> EXERCISE INSTRUCTIONS
Leaving out the pictures, please reproduce exactly and only the lines from the one that contains "Who is your favorite late night tv host?" through the last line below.
===== DATA SECTION =====
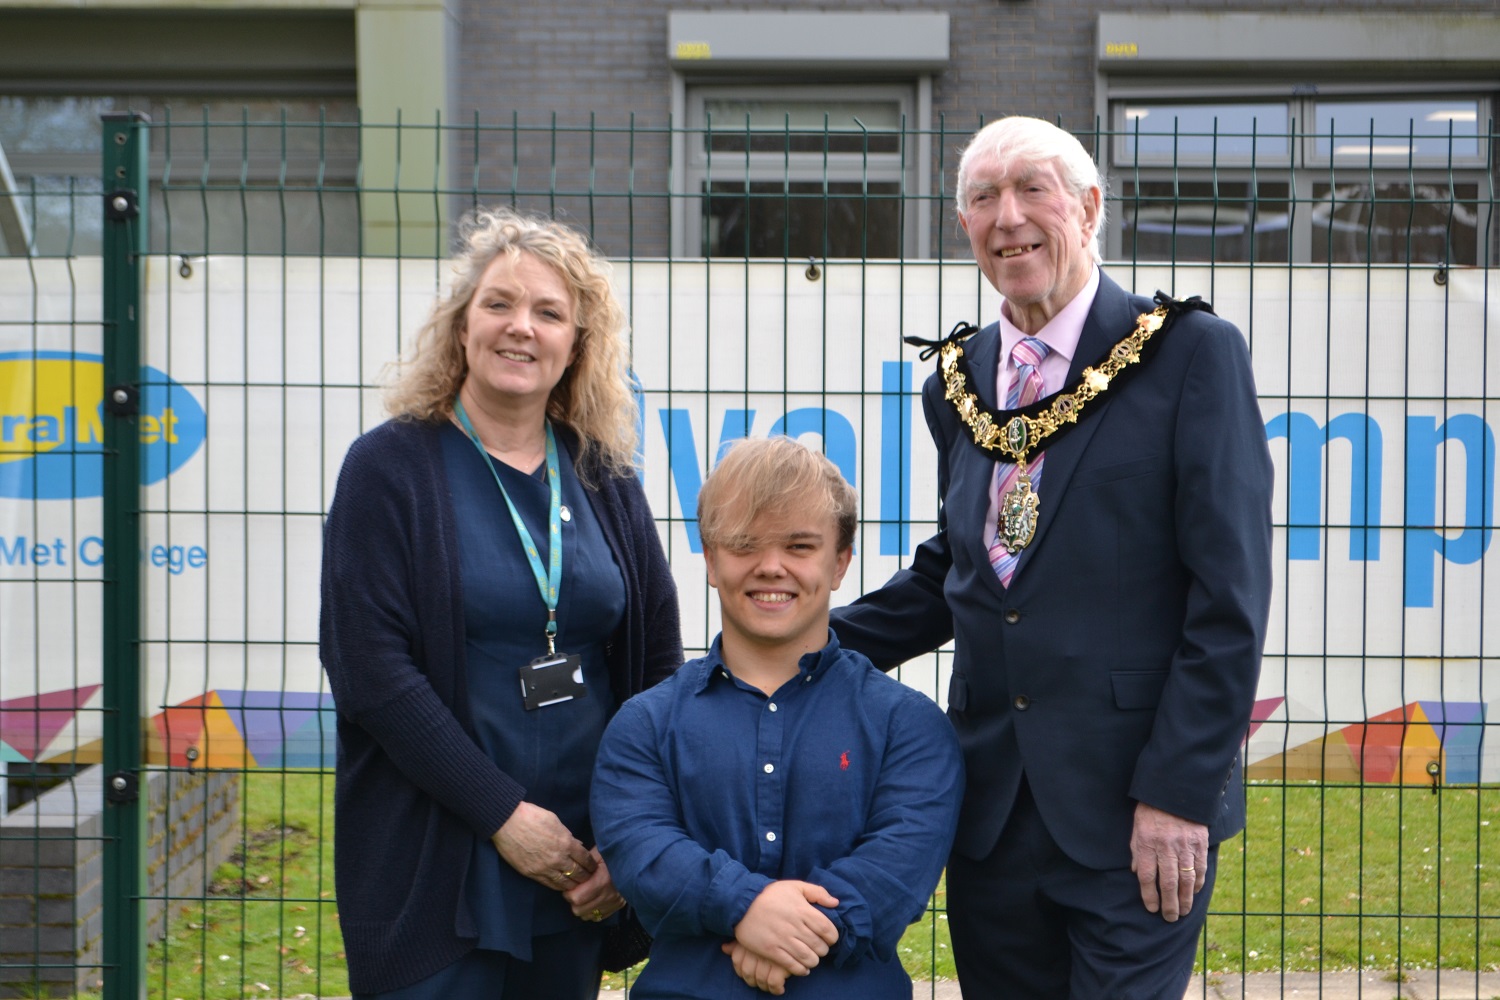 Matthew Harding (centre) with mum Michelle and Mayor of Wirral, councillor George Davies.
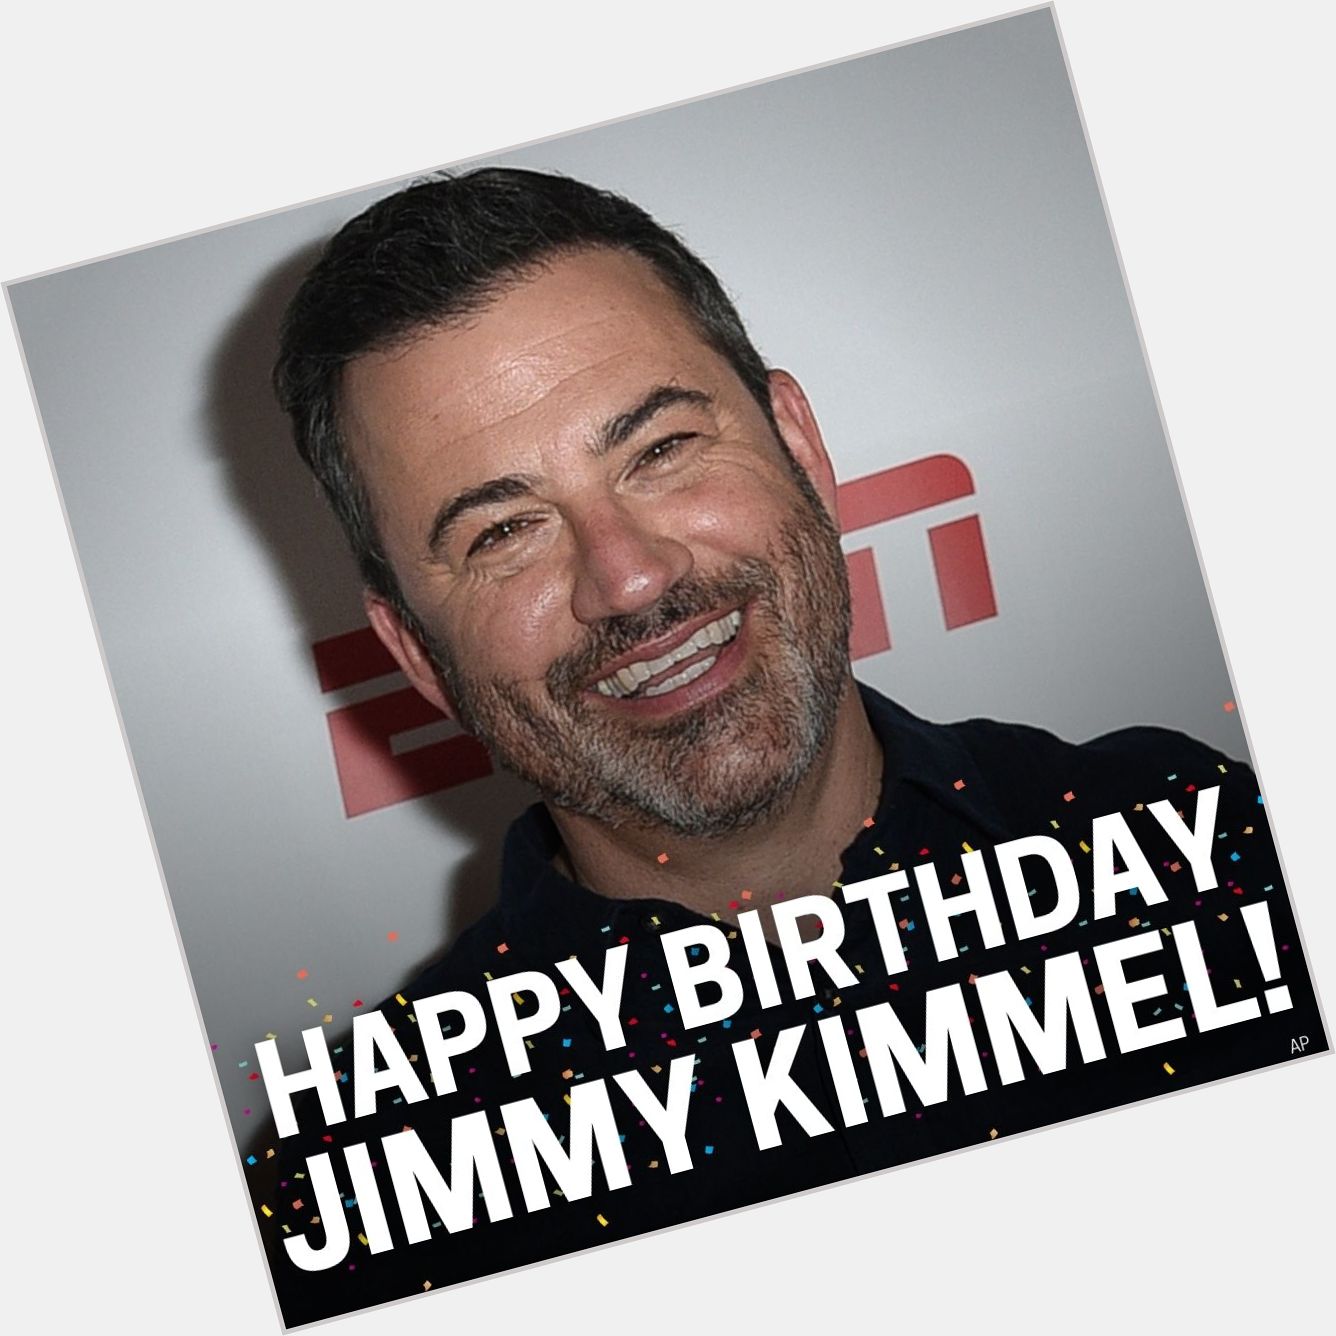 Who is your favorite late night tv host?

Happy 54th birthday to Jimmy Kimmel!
=====
> YOUR RESPONSE
 Who is your favorite late night tv host?

Happy 54th birthday to Jimmy Kimmel!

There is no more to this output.